We can refer to a standard reduction table for the half reactions and number of electrons involved:
https://chem.libretexts.org/Core/Ana.../Voltaic_Cells
a. \(Pb(s) + SO4^{2-}(aq) \rightarrow PbSO_4(s)+ 2e^-(aq)\)
This is the spontaneous oxidation reaction that takes place a the anode, because oxidation reactions happen at the anode where electrons are released and move towards the cathode.
\(Cu^2(aq) + 2e^-(aq)\rightarrow Cu(s)\) This is the spontaneous reduction reaction which occurs at the cathode as it gains electrons that have moved from the anode.
The overall reaction would be
\(Pb(s)+ SO4^{2-}(aq)+Cu^2(aq) \rightarrow Cu(s)+PbSO_4(s)\)
The number of electrons on each side cancel out so there is no need to multiple by a factor.
b. \(2Hg(l) + 2Cl^-(aq) \rightarrow Hg_2Cl_2(s) + 2e^-(aq)\)
This is the spontaneous oxidation reaction because it is on the left of the double lines as written. You can see that it loses electrons like oxidation reactions do, and these electrons will flow to the cathode. This oxidation reaction is occurring at the anode.
\(Cd^2+(aq) + 2e^-(aq)\rightarrow Cd(s)\)
This is the spontaneous reduction reaction happening at the cathode. It gains electrons that have moved from the anode. Since it gains electrons, it is a reduction reaction.
The overall reaction is
\(2Hg(l) + 2Cl^-(aq) +Cd^2+(aq) \rightarrow Cd(s) +Hg_2Cl_2(s) \)

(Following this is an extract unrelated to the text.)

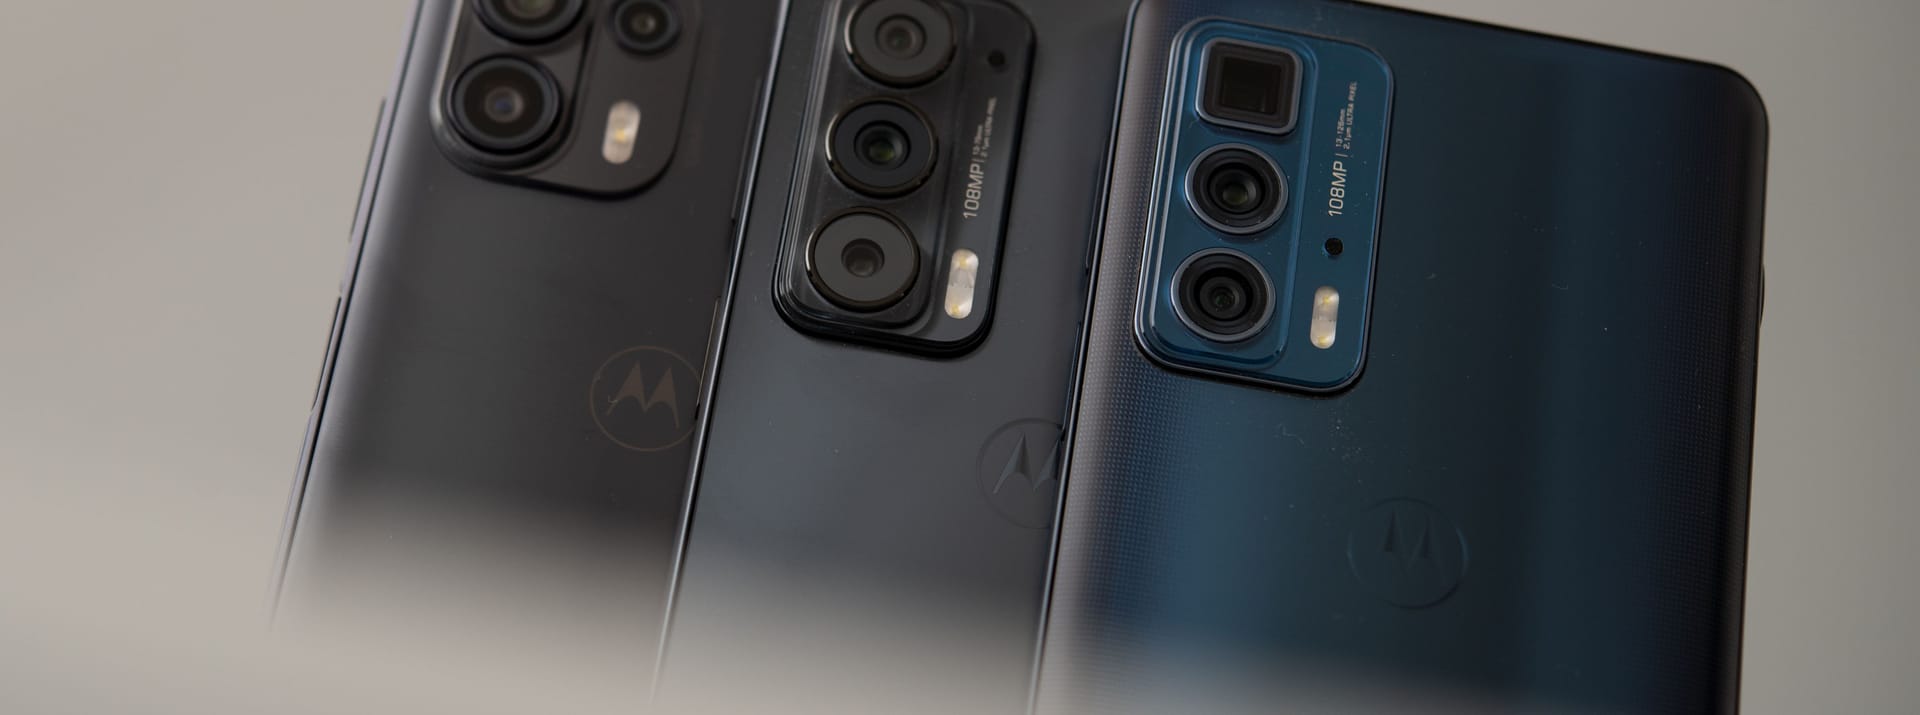 Drei Smartphones für verschiedene Ansprüche: Das Motorola Edge 20 Lite (links), das Edge 20 (Mitte) und das Edge 20 Pro (rechts).

The number of electrons on each side cancel out so there is no need to multiple by a factor.
Q20.5.24
The biological molecule abbreviated as NADH (reduced nicotinamide adenine dinucleotide) can be formed by reduction of NAD+ (nicotinamide adenine dinucleotide) via the half-reaction
\[NAD^++H^++2e^-\rightarrow NADH (E^o=-0.32V)\]
- Would NADH be able to reduce acetate to pyruvate?
- Would NADH be able to reduce pyruvate to lactate?
- What potential is needed to convert acetate to lactate?
S17.2.2
In a standard reduction potential table, a species with lower E° means it's a stronger reducing agent (more spontaneous at oxidizing). And higher Eo means it's stronger oxidizing agent(more spontaneous at reducing).
https://chem.libretexts.org/LibreTex...ode_Potentials
a. No, NADH would not reduce acetate to pyruvate. The reaction for acetate to pyruvate has a lower E° of -0.70 V in comparison to the -0.32 V for the NADH half-reaction. This means that the acetate is a stronger reducing agent than NADH, and would be more likely to reduce that.
b. Yes NADH could reduce pyruvate to lactate because the E° of NADH is smaller and therefore is a stronger reducing agent than pyruvate so it is able to reduce it spontaneously.
c. In order to convert acetate to lactase, two reactions spontaneously occur and give the E = -0.70 V - .0185 V = -0.885 V. This means that in order for a cell to cause both of these reduction reactions to occur, the cell potention of -0.885 V or lower is needed for it to occur.